- Spanish theatrical release poster
- Directed by: H. C. Potter
- Written by: Roland Kibbee Allan Scott
- Based on: Melville Goodwin, U.S.A. 1951 novel by John P. Marquand
- Produced by: Martin Rackin Milton Sperling
- Starring: Susan Hayward Kirk Douglas Paul Stewart
- Cinematography: Stanley Cortez
- Edited by: Folmar Blangsted
- Music by: Roy Webb
- Production company: Carrollton Inc.
- Distributed by: Warner Bros. Pictures
- Release date: January 30, 1957;
- Running time: 100 minutes
- Country: United States
- Language: English

= Top Secret Affair =

1957 film by H. C. Potter

Top Secret Affair is a 1957 American romantic comedy film made by Carrollton Inc. and distributed by Warner Bros. Pictures that stars Susan Hayward and Kirk Douglas. It was directed by H. C. Potter and produced by Martin Rackin and Milton Sperling from a screenplay by Roland Kibbee and Allan Scott. (Carrollton Inc. was Hayward's own production company, named for her adopted hometown in Georgia.)

The story is very loosely adapted from the 1951 novel Melville Goodwin, U.S.A. by John P. Marquand, which had previously been adapted in 1952 for television's "Pulitzer Prize Playhouse." Hollywood avoided filming the novel for years because of its touchy subject matter: a married general's affair with a wealthy journalist. The screenwriters finally wound up rewriting the plot. The names of the two characters—Melville Goodwin and Dottie Peale—were retained, but both were made single. The film's credits state that it is "based on characters" in Marquand's book, rather than on the book itself.

The music score was by Roy Webb, the cinematography by Stanley Cortez and costume design by Charles LeMaire.

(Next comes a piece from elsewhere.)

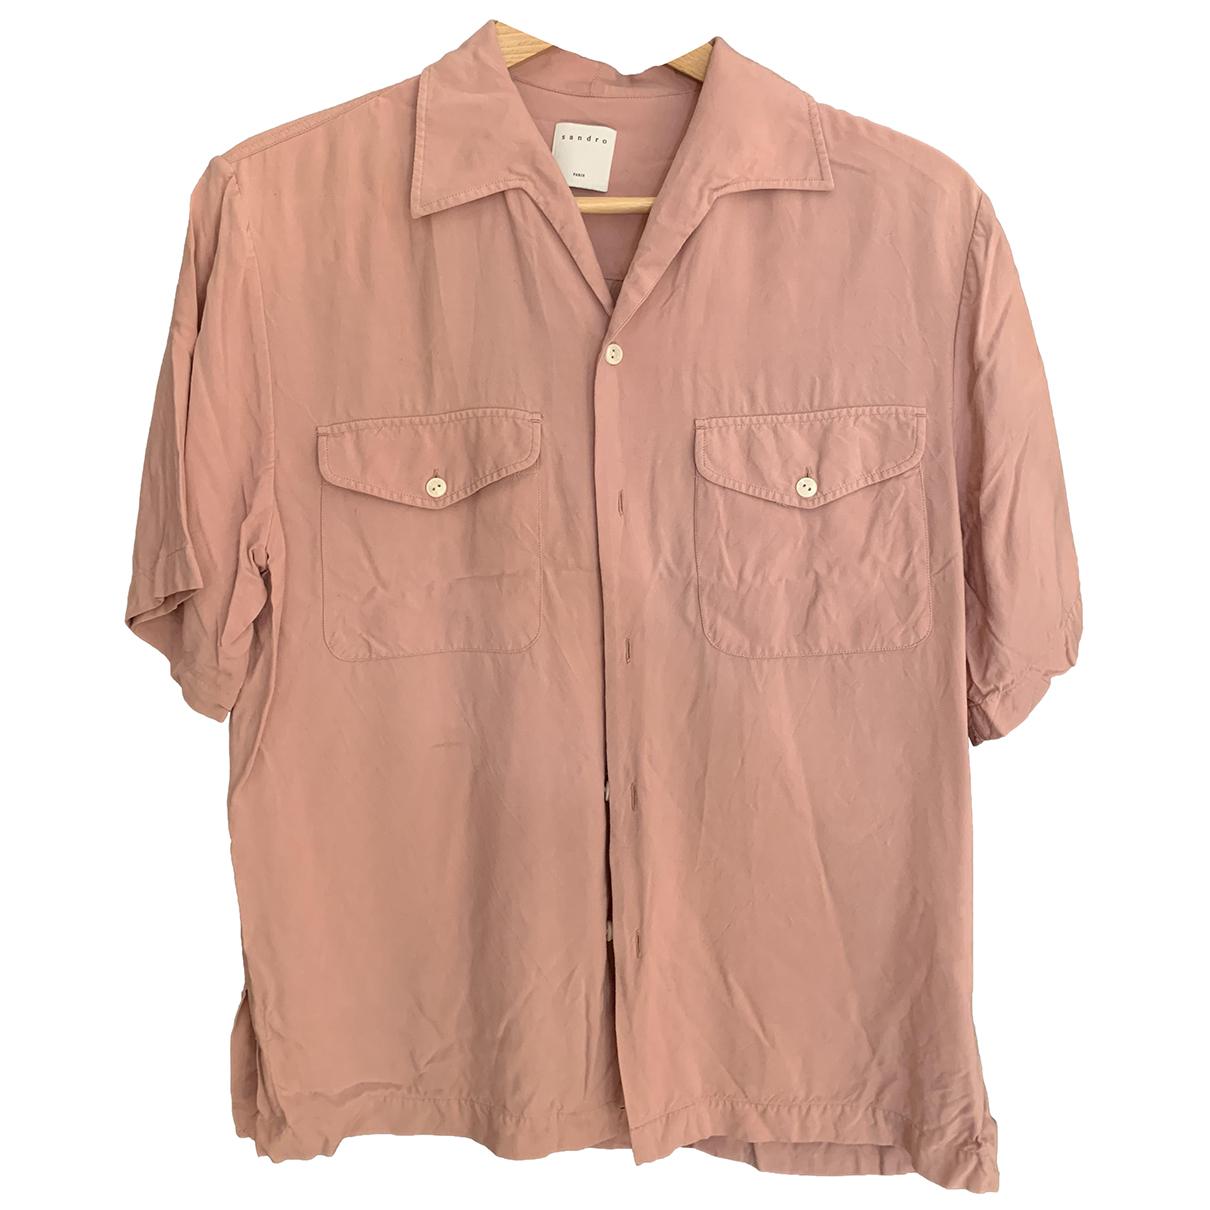 Sandro - Chemises Spring Summer 2019 pour homme en cuir - rose

The film co-stars Paul Stewart and Jim Backus. The original leads were to be Humphrey Bogart and wife Lauren Bacall, and they were filmed doing a wardrobe test in 1956. But Bogart's illness forced his withdrawal from the project, and Bacall opted to remain at home to care for him until his death in 1957.

==Plot==
Melville Goodwin (Kirk Douglas), a decorated U.S. Army general, is appointed chairman of the Joint Atomic International Commission by the President. But headstrong Dottie Peale (Susan Hayward), a high-powered media mogul, wants a close friend of her father's to get the position. So she plots to torpedo Goodwin's reputation. She invites him to her Long Island estate for an interview and photo session. Moreover, she assigns a cameraman to photograph Goodwin in compromising situations. However, every attempt to catch Goodwin off guard fails. Dottie even takes the general nightclubbing, hoping to get him drunk. Yet nothing works. Later, back in Long Island, Dottie, a little tipsy herself, falls off the diving board of her estate's swimming pool. Goodwin rescues her, and this leads to a night of romance.

Dottie's attitude is changed. She plans to marry Goodwin. But to her surprise, the general has no plans to continue the romance. He tells her about a love affair with a woman named Yvette to whom he revealed top-secret information during the Korean War. When he found out Yvette was an enemy spy, he ordered her shot. A rejected Dottie is now determined to ruin Goodwin. Her magazine's story, "Blabbermouth Goodwin", results in a Senate inquiry into his behavior. Unfortunately for the general, the Yvette spy case is still top secret, and he is forbidden to discuss it. It is only after the President's intervention that the story is declassified. Now Goodwin can defend his reputation and does so successfully. Goodwin is publicly cleared of wrongdoing and recognized as a bigger hero than ever. In front of a gaggle of Washington reporters, he drags a protesting but obviously willing Dottie into a waiting car, signaling that their romance is on again.

==Cast==
- Susan Hayward as Dorothy "Dottie" Peale
- Kirk Douglas as Maj. Gen. Melville A. Goodwin
- Paul Stewart as Phil Bentley, Dottie's assistant and conscience
- Jim Backus as Col. Homer W. Gooch, Goodwin's Public Information Officer
- John Cromwell as General Daniel A. Grimshaw, Goodwin's commanding officer
- Roland Winters as Sen. Burdick
- Arthur Gould-Porter as Holmes, Dottie's butler
- Michael Fox as Reporter Laszlo "Lotzie" Kovach
- Frank Gerstle as Sgt. Kruger
- Charles Lane as Bill Hadley
- Ivan Triesault as the German field marshal (uncredited)

==Reception==
Susan Hayward later said the film was "very good – but nobody went to see it."